Постригу полагалось праздновать не хуже, чем рождение нового сына. Просторные гридницы дворца великого князя наполнились шумом, звоном и приветственными криками. Сам хозяин зорким взглядом следил, чтобы все пили усердно, и если замечал, что чей-то кубок пуст, давал распоряжение слугам наполнить, а иной раз и сам брался за кувшин и наливал. Попробуй не выпей, когда великий князь тебя потчует.
Пиршества продолжались несколько дней, но наконец закончились. Наступали будни. Следовало приводить в порядок дела, изрядно расстроившиеся за долгую печальную зиму.
Разбегавшийся из сел и уцелевший после мора народ начинал возвращаться по домам. Пора было готовиться к пахоте. Людей в селах заметно поубавилось. Дружинники отлавливали по лесам и дорогам разный бродячий люд и насильно водворяли в опустевшие села. Жизнь продолжалась.
В один из дней в конце апреля второй сын великого князя — Борис, закашлявшись, вдруг замер и больше не смог вздохнуть. Личико его посинело, глаза закатились — из-под полуоткрытых век белели полоски глазных яблок. Ему дули в нос, встряхивали, растирали худенькую, как у Зайчонка, грудку. Но он больше не задышал.

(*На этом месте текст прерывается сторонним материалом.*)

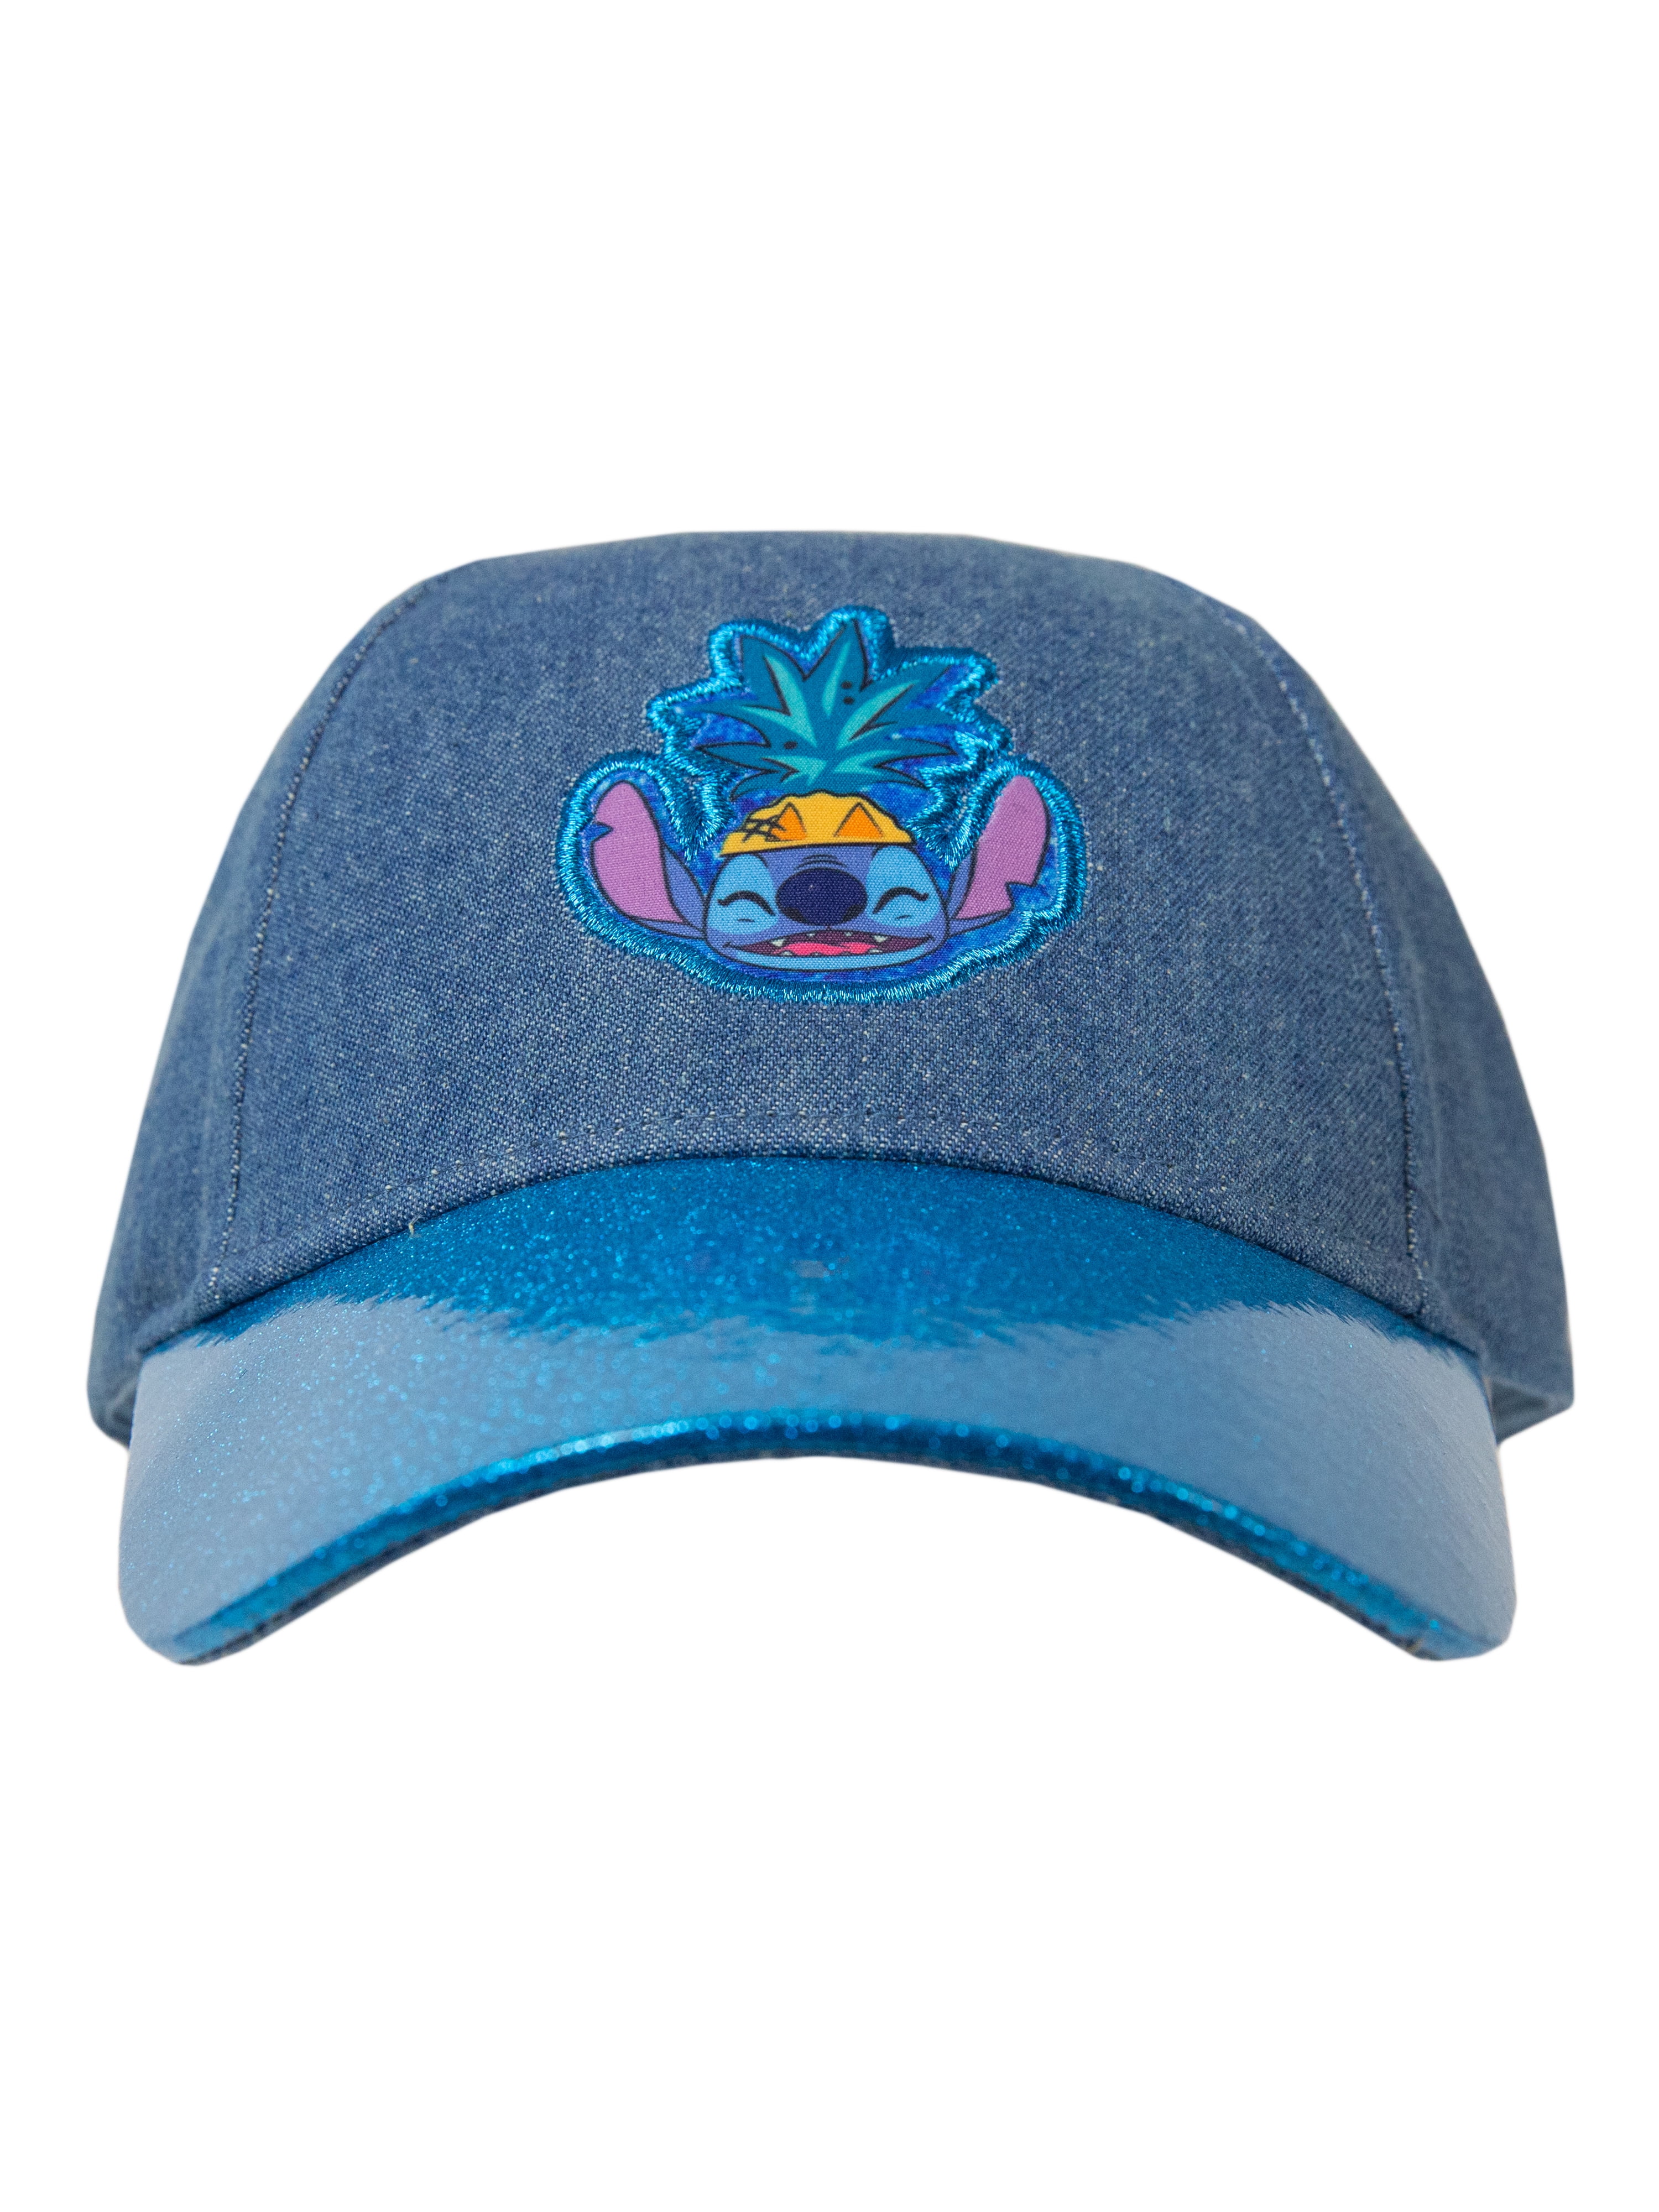 Disney Stitch Baseball Cap Girls Summer 3D Cap for Girls Stitch Gifts

Великий князь хоронил уже второго своего ребенка. После смерти Бориса он постарел: в черных волосах появились первые блестки седины, глубже обозначились складки возле губ. Чтобы поскорей забыть горе, Всеволод искал себе занятия. Снова стал подгонять строительство собора, торопил отливку первого колокола, а когда тот был отлит, велел разбить его и делать новый: первый показался ему недостаточно красивым и сладкозвучным для такого великого храма, каким должен стать Успенский собор.
Но дома, во Владимире, занятий было немного, и Всеволод старался больше находиться в отъезде — посещал города свои, надолго останавливался в монастырях, умиляя братию и игуменов своей страстью к молитве. Просто ездил по окрестным лесам, надеясь, что терпкий запах молодой листвы, теплое дыхание земли и звонкий шум птичьих свадеб помогут ему обрести прежнюю жизненную силу. И действительно — вдали от людей ему становилось легче.
Княгиня Марья не удерживала его возле себя. Может, чувствовала какую-то вину перед мужем: не сумела родить здорового сына, не сумела уберечь. Она тоже искала занятий, вновь увлеклась строительством своего монастыря, который уже так и назывался — княгинин, в поминание Бориса отписала монастырю большое село недалеко от Владимира.
Редко видевшиеся в эту пору Всеволод и Марья были особенно нежны друг с другом, будто боялись неосторожным словом или взглядом разрушить тот тонкий ледок забвения, что уже понемногу затягивал пышущую злым холодом пустоту утраты. Княгиня старалась ни в чем не перечить мужу, а он пытался угадывать ее желания и исполнял их. Почему-то оба полюбили говорить о предстоящем замужестве Верхуславы — может, потому, что она должна была покинуть родительское гнездо по их родительской воле, и эта потеря была иной, не такой, как та, которой они помешать не смогли.
За зиму в окружении великого князя умерло несколько бояр, в их числе — Федор Ноздря. Оба его взрослых сына — Ноздрятичи Симеон и Григорий, конечно, не смогли бы заменить отца: гораздо менее его они были озабочены государственными делами, желанием служить великому князю — больше заботились о своих развлечениях. Потеря Федора очень огорчила великого князя: боярин был опытным и умным советником, его можно было посылать хоть в Киев, к Святославу, не опасаясь, что Федор Ноздря не сможет выполнить поручения. Зная за собой поддержку великого князя и верно служа ему, Федор не робел ни перед кем и чести своего государя не ронял. Всеволод похоронил его с княжескими почестями недалеко от строящегося Успенского собора.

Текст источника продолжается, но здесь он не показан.